:: SUPPLIED RECORDS
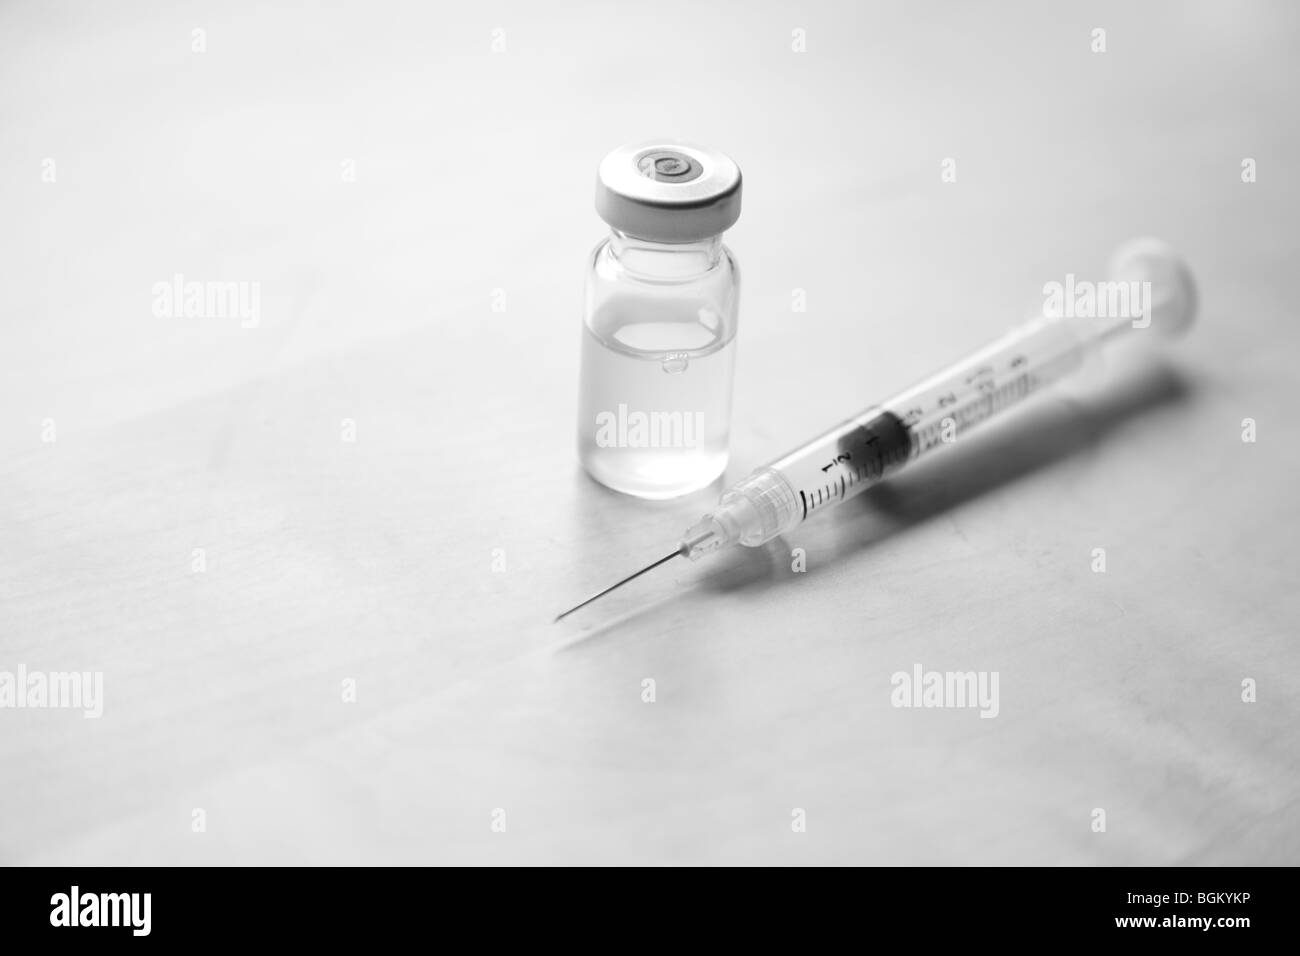 Syringe in black and white Stock Photo
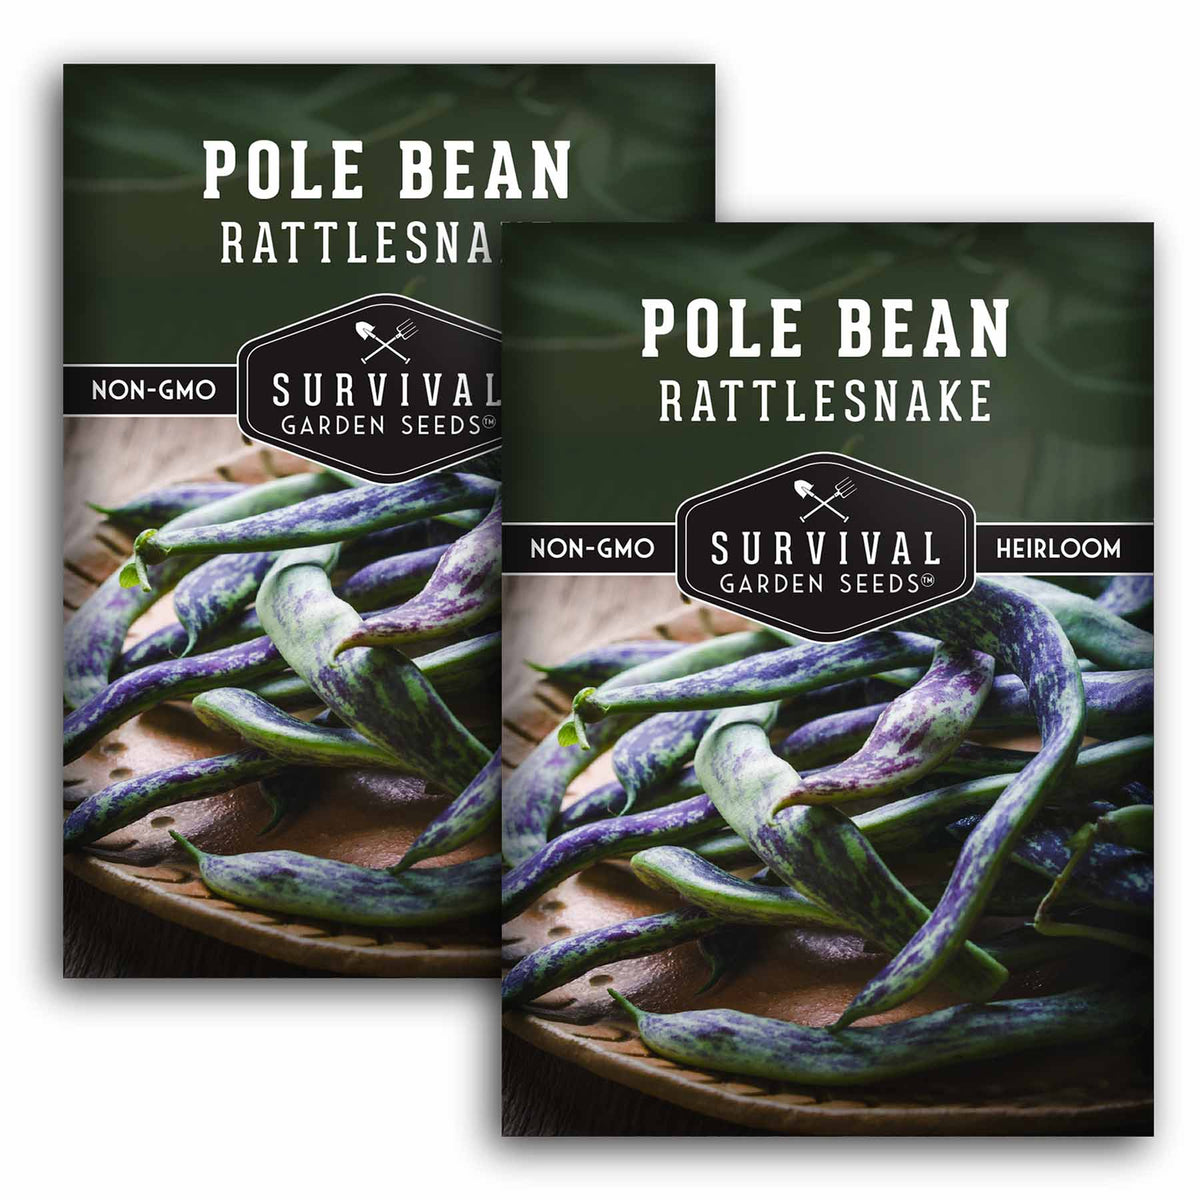 2 packets of Rattlesnake Pole Bean seeds
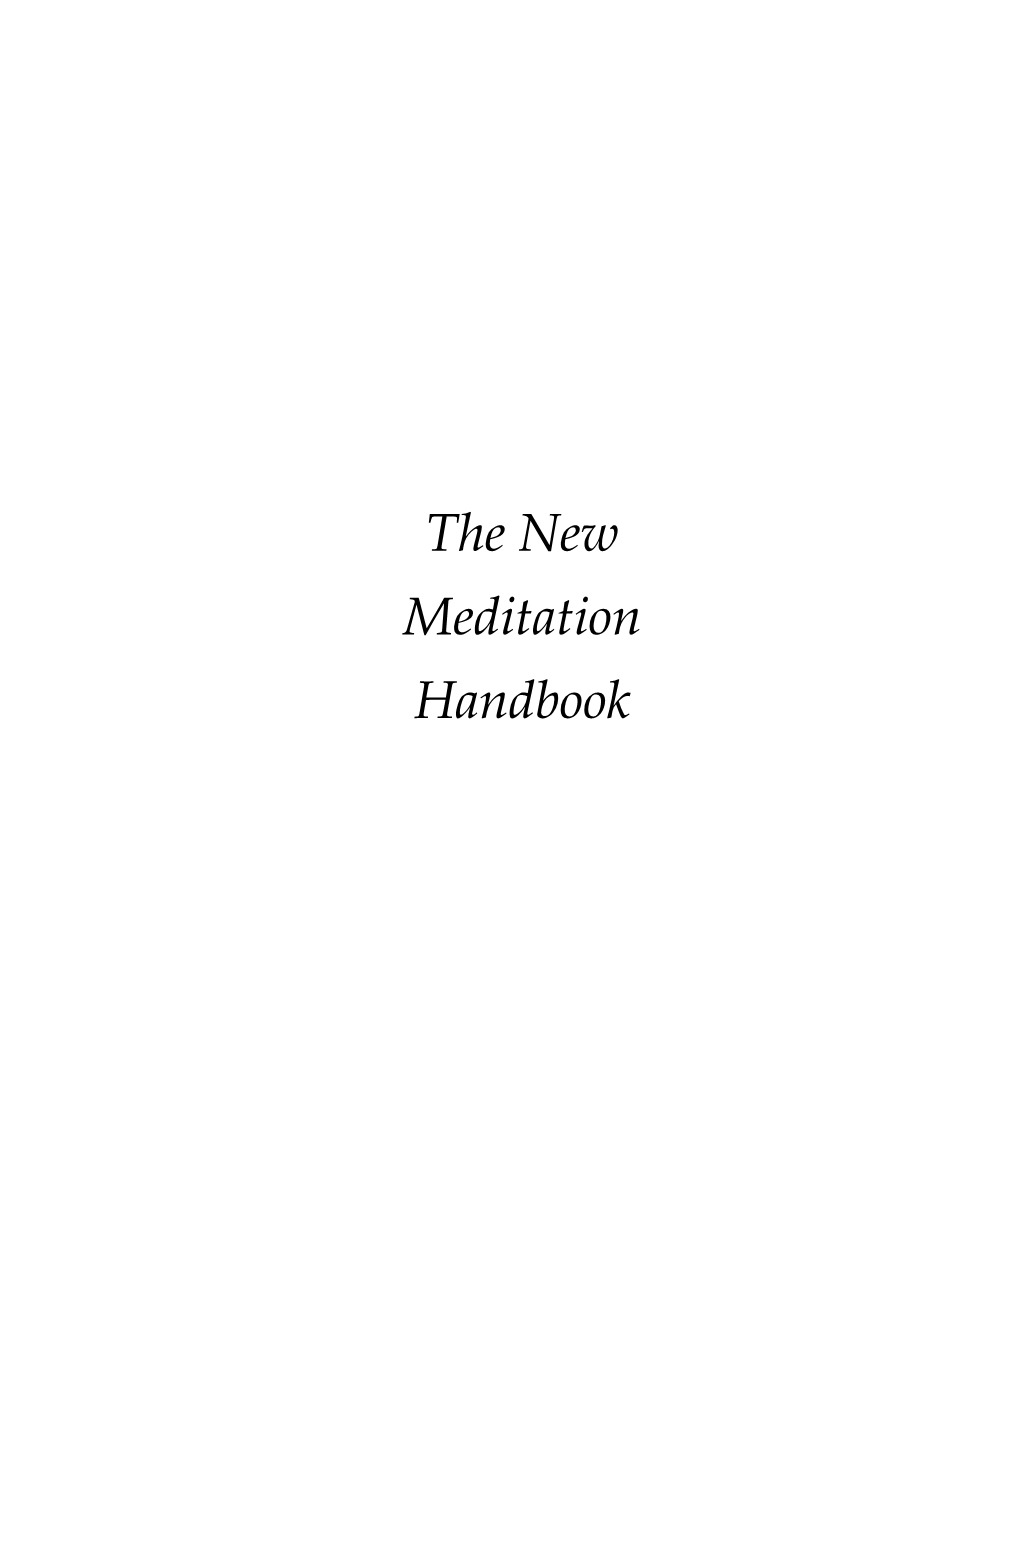 The New Meditation Handbook Also by Venerable Geshe Kelsang Gyatso Rinpoche
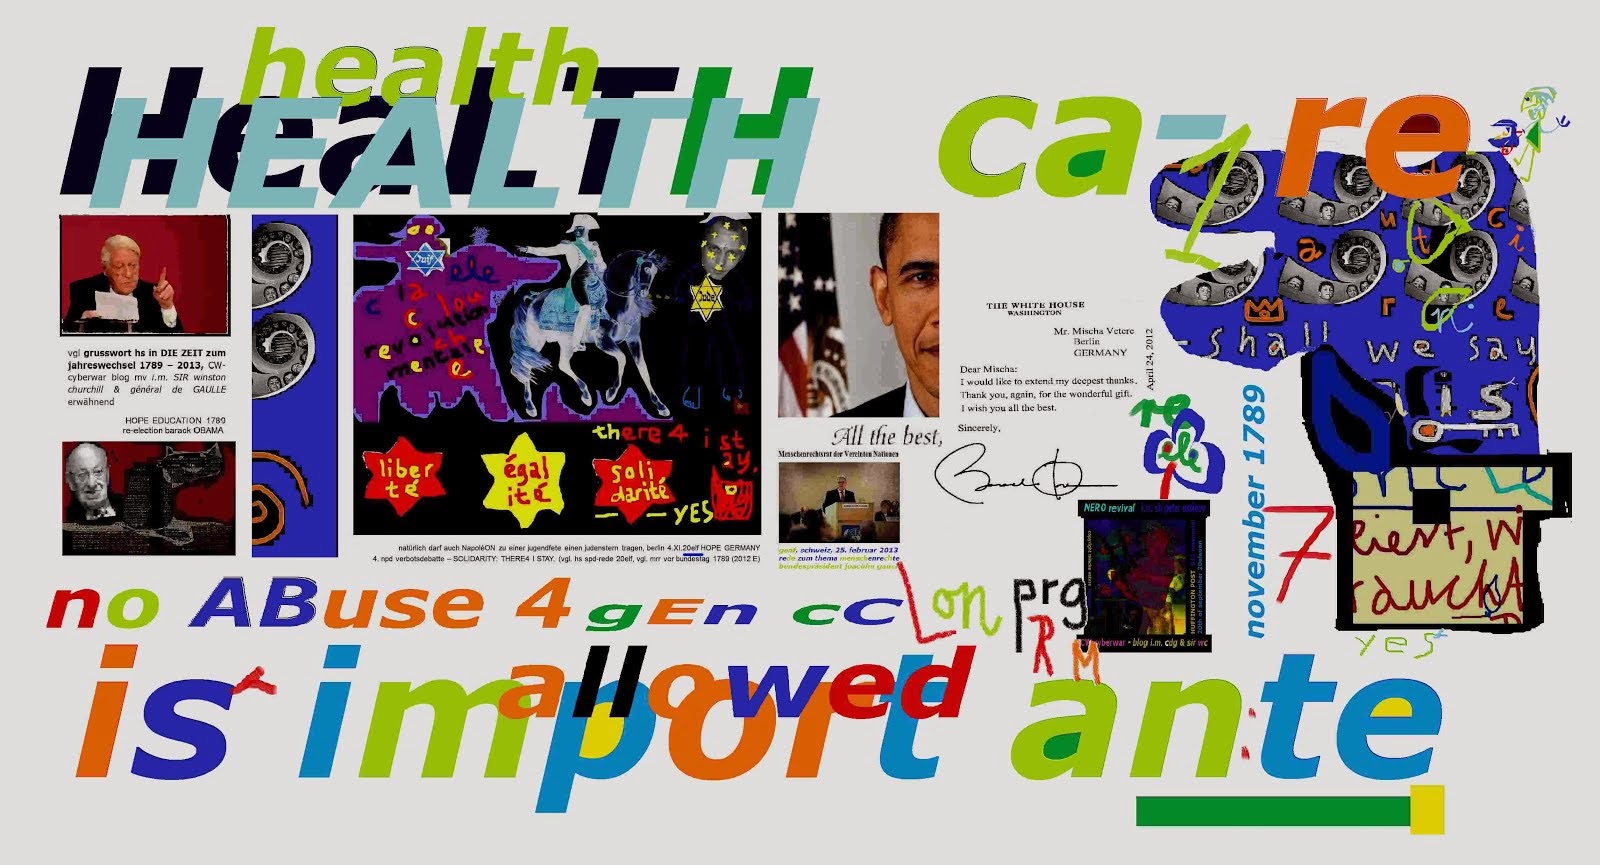 barack obama bill clinton HEALTH CARE gen program aids weapON NO GENUCIDE subPIRME george w bush
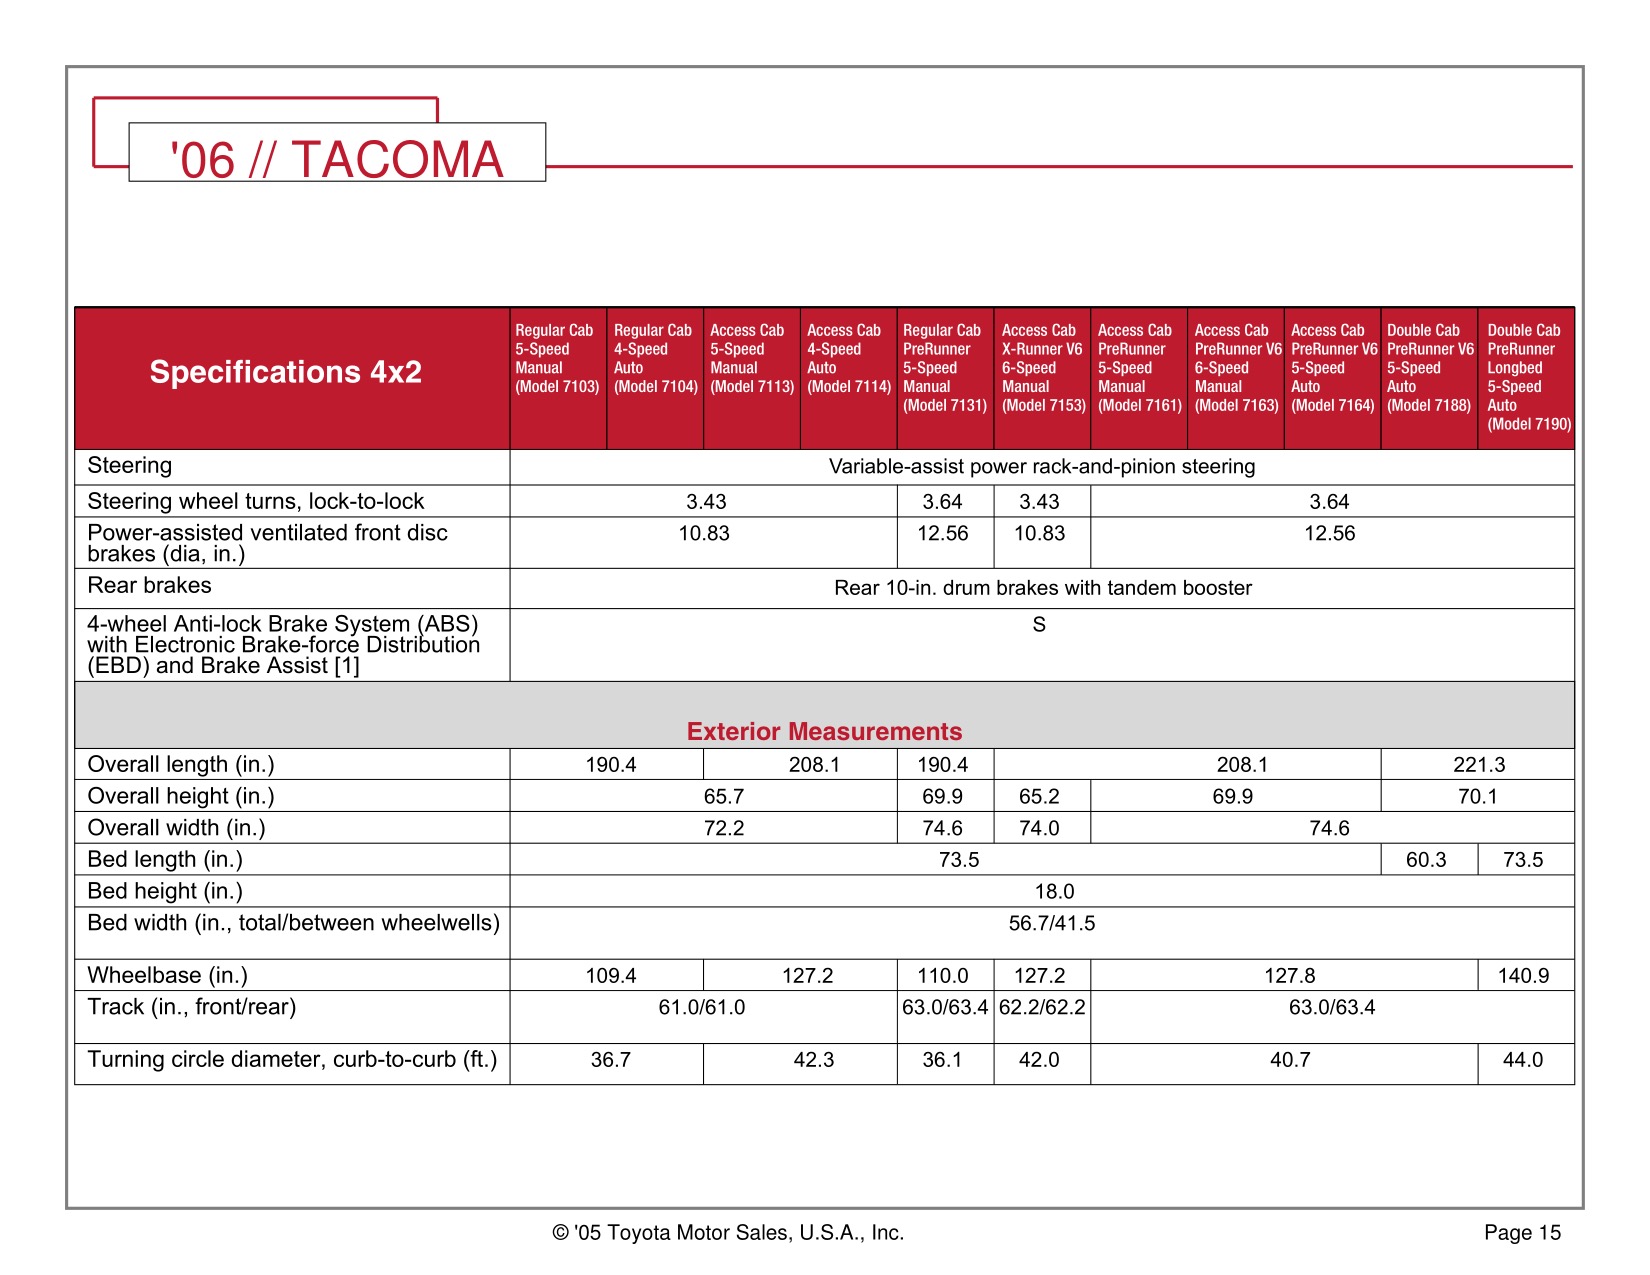 2006 Toyota Tacoma 4x2 Brochure Page 2
::::
### DIRECTIONS FOR THIS TASK
Please return the records as they stand, word for word, with no pictures.

### EXPECTED ANSWER
 Syringe in black and white Stock Photo
 2 packets of Rattlesnake Pole Bean seeds
 The New Meditation Handbook Also by Venerable Geshe Kelsang Gyatso Rinpoche
 barack obama bill clinton HEALTH CARE gen program aids weapON NO GENUCIDE subPIRME george w bush
 2006 Toyota Tacoma 4x2 Brochure Page 2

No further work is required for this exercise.